ブラックペッパーやチリを入れるレシピもあるが、辛味はアクセント程度で、基本的にはスパイスや素材の香りを活かしているのが特徴。中東エリアの料理全般に言えるのだが、素材を活かした味わいのものが多く、日本人にとってはとても食べやすい調味料だろう。

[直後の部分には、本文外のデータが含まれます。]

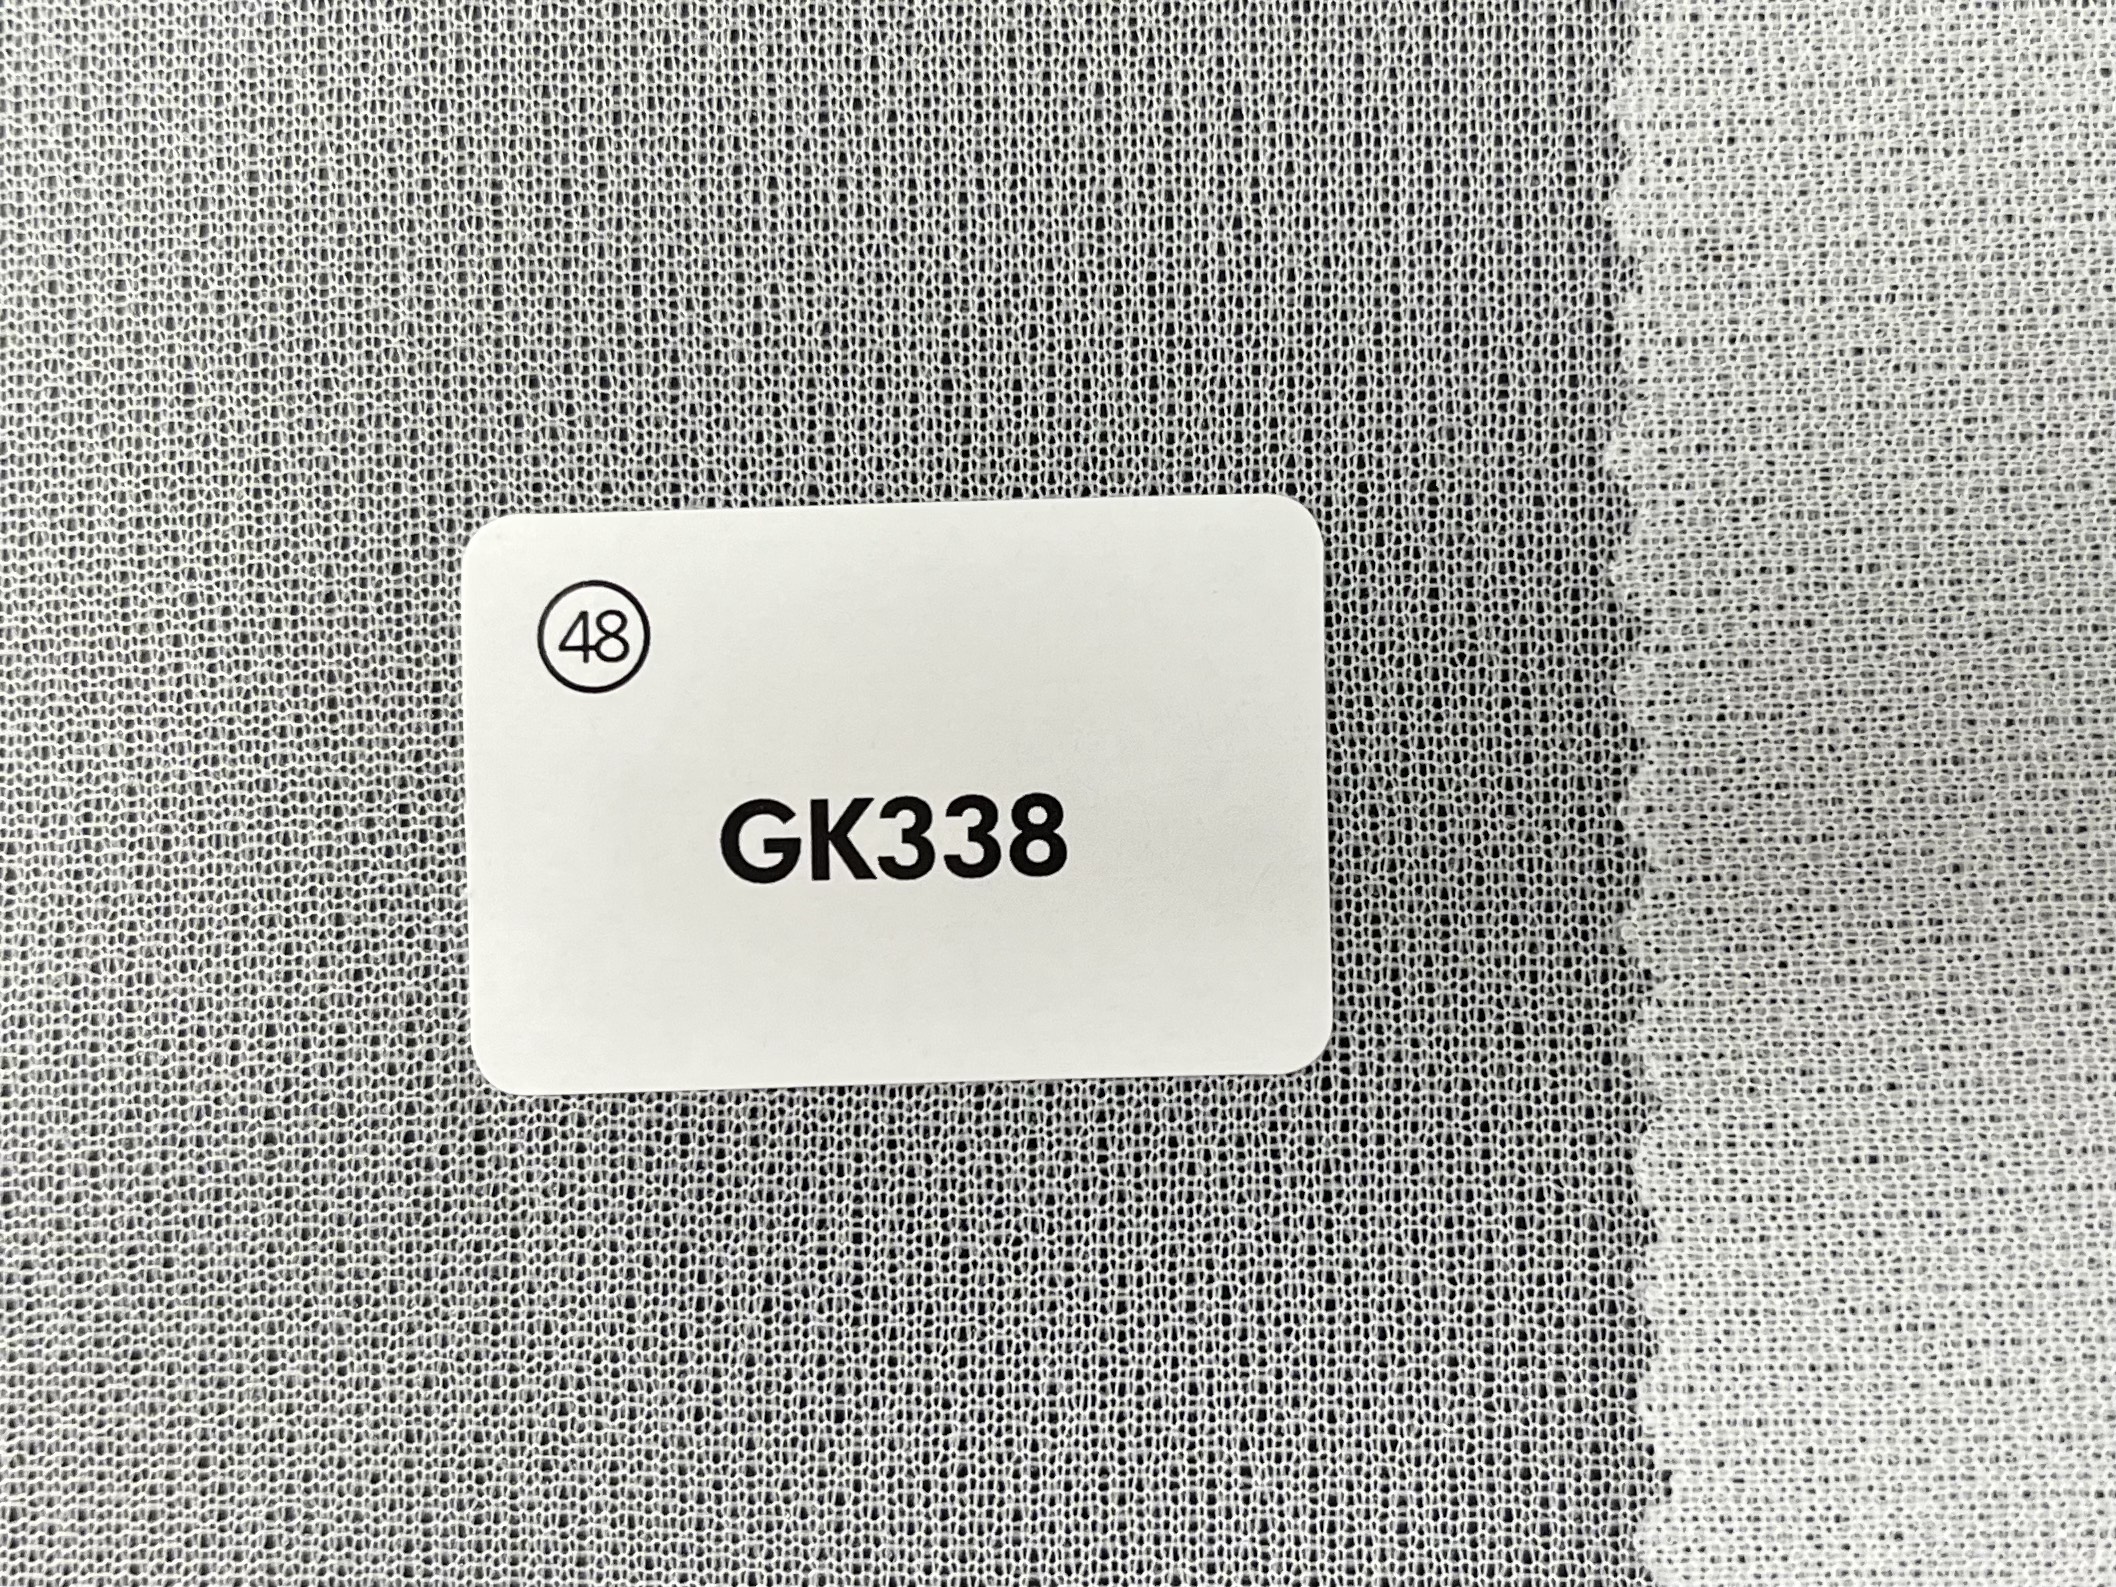 GK338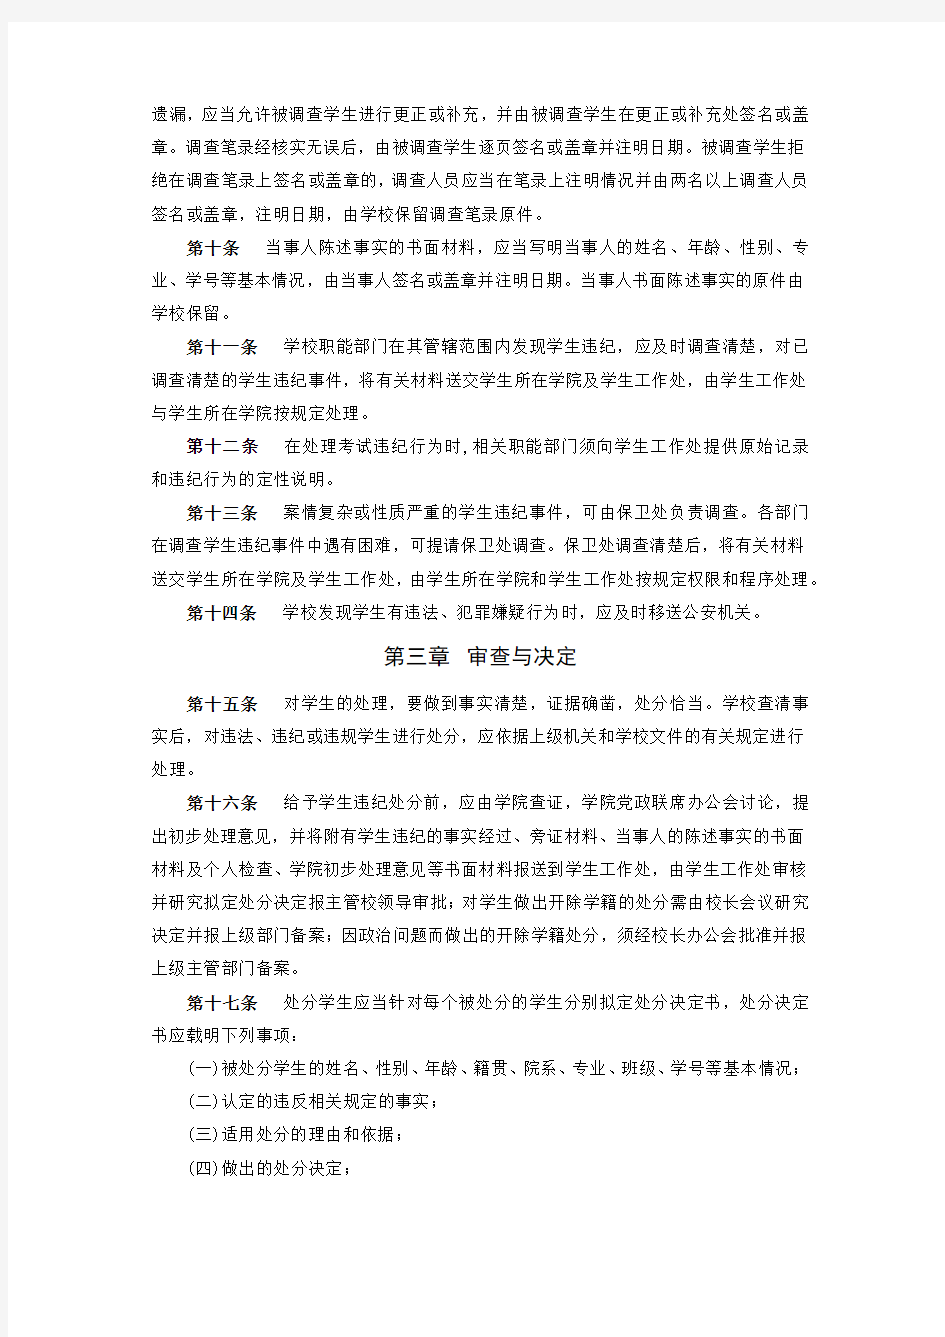 中国石油大学(北京) 学生违纪处理办法

エジプトやトルコではゴマを古くから用いてきた文化があり、油もゴマ油を使っていた歴史がある。そしてトルコ周辺はヘーゼルナッツやピスタチオなどのナッツの原産地。豆やナッツを使ったお菓子や料理が古くから親しまれてきた。デュカの材料を見ると、このエリアならではのミックススパイスであることがよくわかる。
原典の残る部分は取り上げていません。